Scientific classification
- Kingdom: Animalia
- Phylum: Chordata
- Class: Actinopterygii
- Order: Perciformes
- Family: Synanceiidae
- Genus: Synanceia
- Species: S. horrida
- Binomial name: Synanceia horrida (Linnaeus, 1766)
- Synonyms: Scorpaena horrida Linnaeus, 1766 ; Synanceia trachynis Richardson, 1842 ;

= Synanceia horrida =

- Authority: (Linnaeus, 1766)
- Conservation status: LC

Species of fish

Synanceia horrida, the estuarine stonefish, hollow-cheek stonefish, horrid stonefish, rough stonefish or true stonefish, is a species of venomous, marine ray-finned fish, a stonefish belonging to the subfamily Synanceiinae which is classified as being within the family Scorpaenidae, the scorpionfishes and their relatives.
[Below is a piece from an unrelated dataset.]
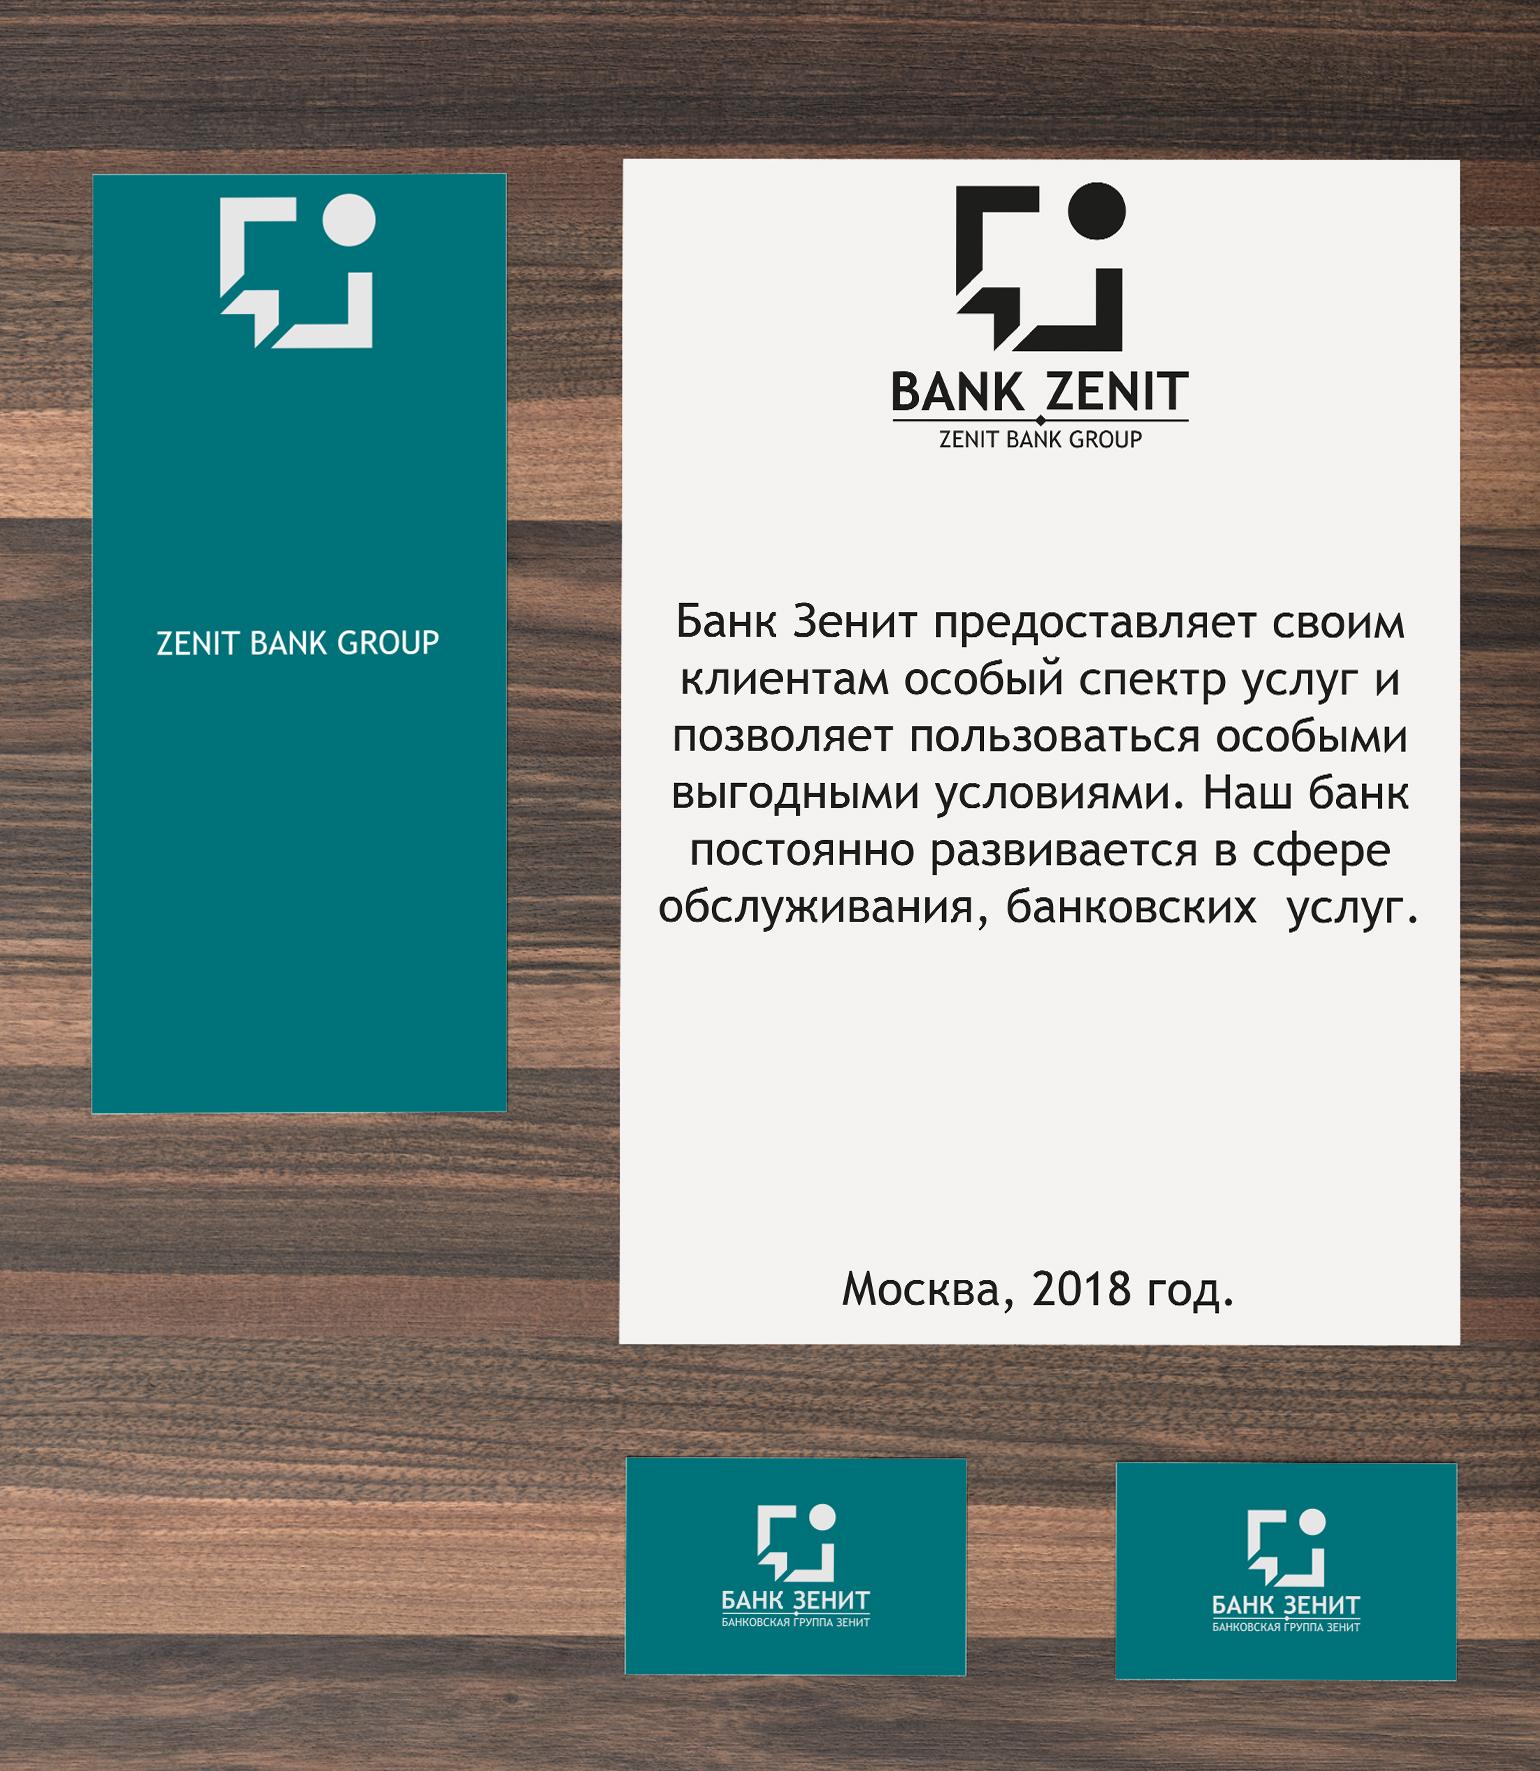 Разработка логотипа для Банка ЗЕНИТ фото f_3475b4858d64b822.jpg
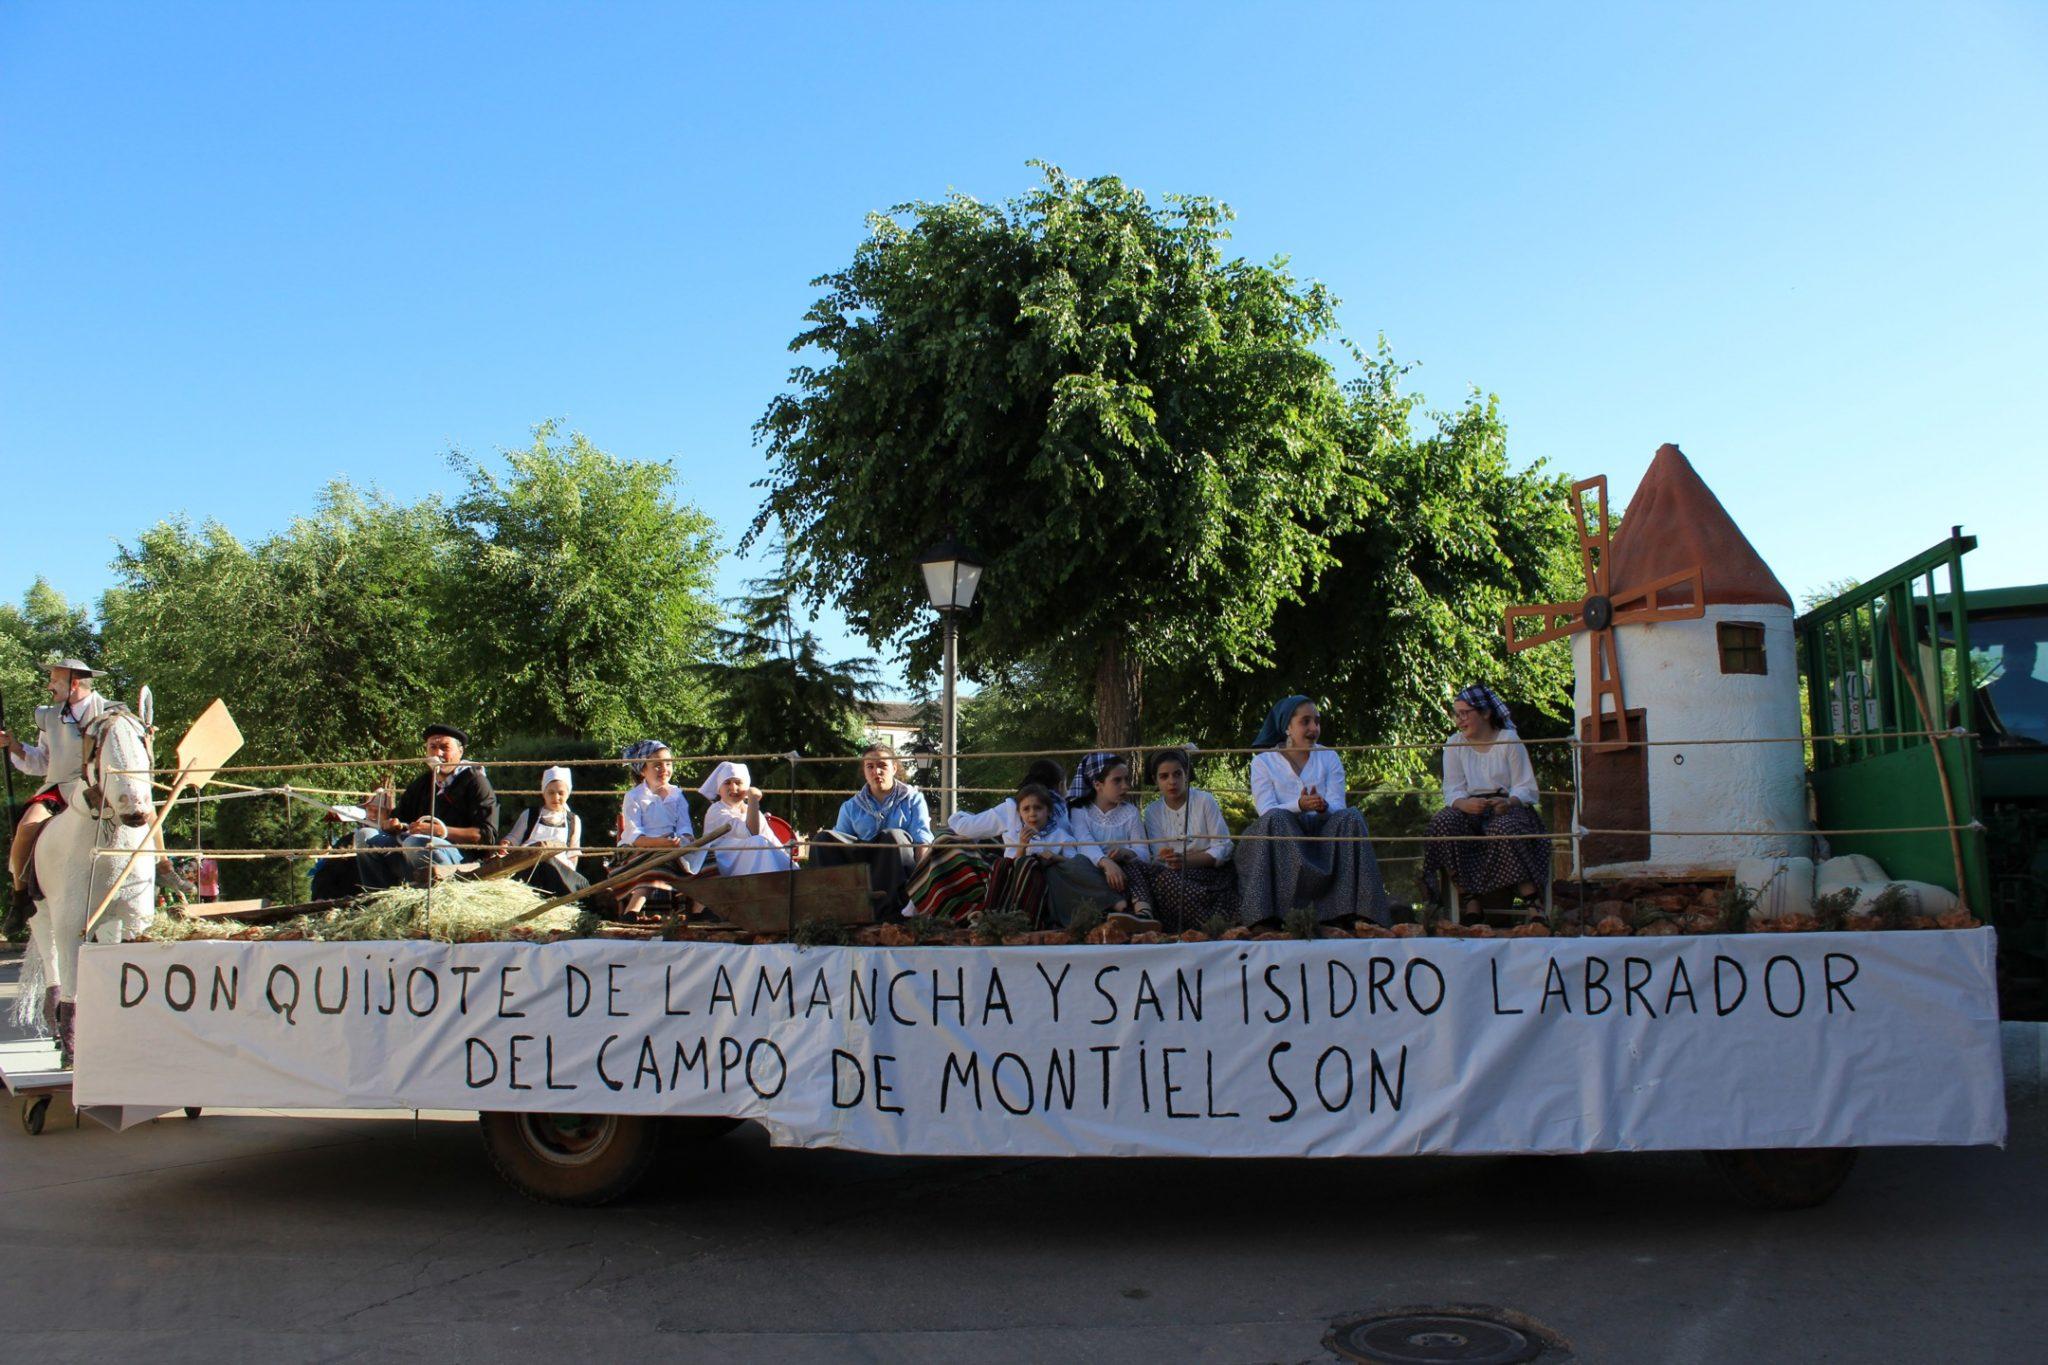 1º Premio Carrozas san isidro

It is a benthic fish which is found in the Indo-Pacific region. This species is considered to be one of the most dangerous venomous fish in the world. It is a popular exhibit in public aquaria and is found in the private aquarium trade.

==Taxonomy==
Synanceia horrida was first formally described in 1766 as Scorpaena horrida by Carl Linnaeus in volume 1 of his 1766 Systema naturae sive regna tria naturae with its type locality given as Ambon Island in Indonesia. In 1856 Eugène Anselme Sébastien Léon Desmarest designated this species as the type species of the genus Synanceia, which had been described in 1801 by Marcus Elieser Bloch and Johann Gottlob Theaenus Schneider. The specific name horrida means "dreadful" or "frightful" and is an allusion to its appearance rather than its dangerously venomous spines.

==Description==
Synanceia horrida is a drab coloured benthic fish which can be brownish-grey to reddish or greenish-brown. The skin has no scales but is covered in warts and often has growths of filamentous algae on it. The head is depressed with small, widely spaced eyes which sit high on the head and are upwards directed. There is a deep pit behind and under each eye. The large mouth is almost vertical and has a wide gape and fringing cirrhi on the lips. The pectoral fins are large and fleshy. There are 13 or 14 spines and 6 soft rays in the dorsal fin, the second to fourth spines being longer than the others. The anal fin has 3 spines and 5 soft rays. This species reaches a maximum total length of 60 cm.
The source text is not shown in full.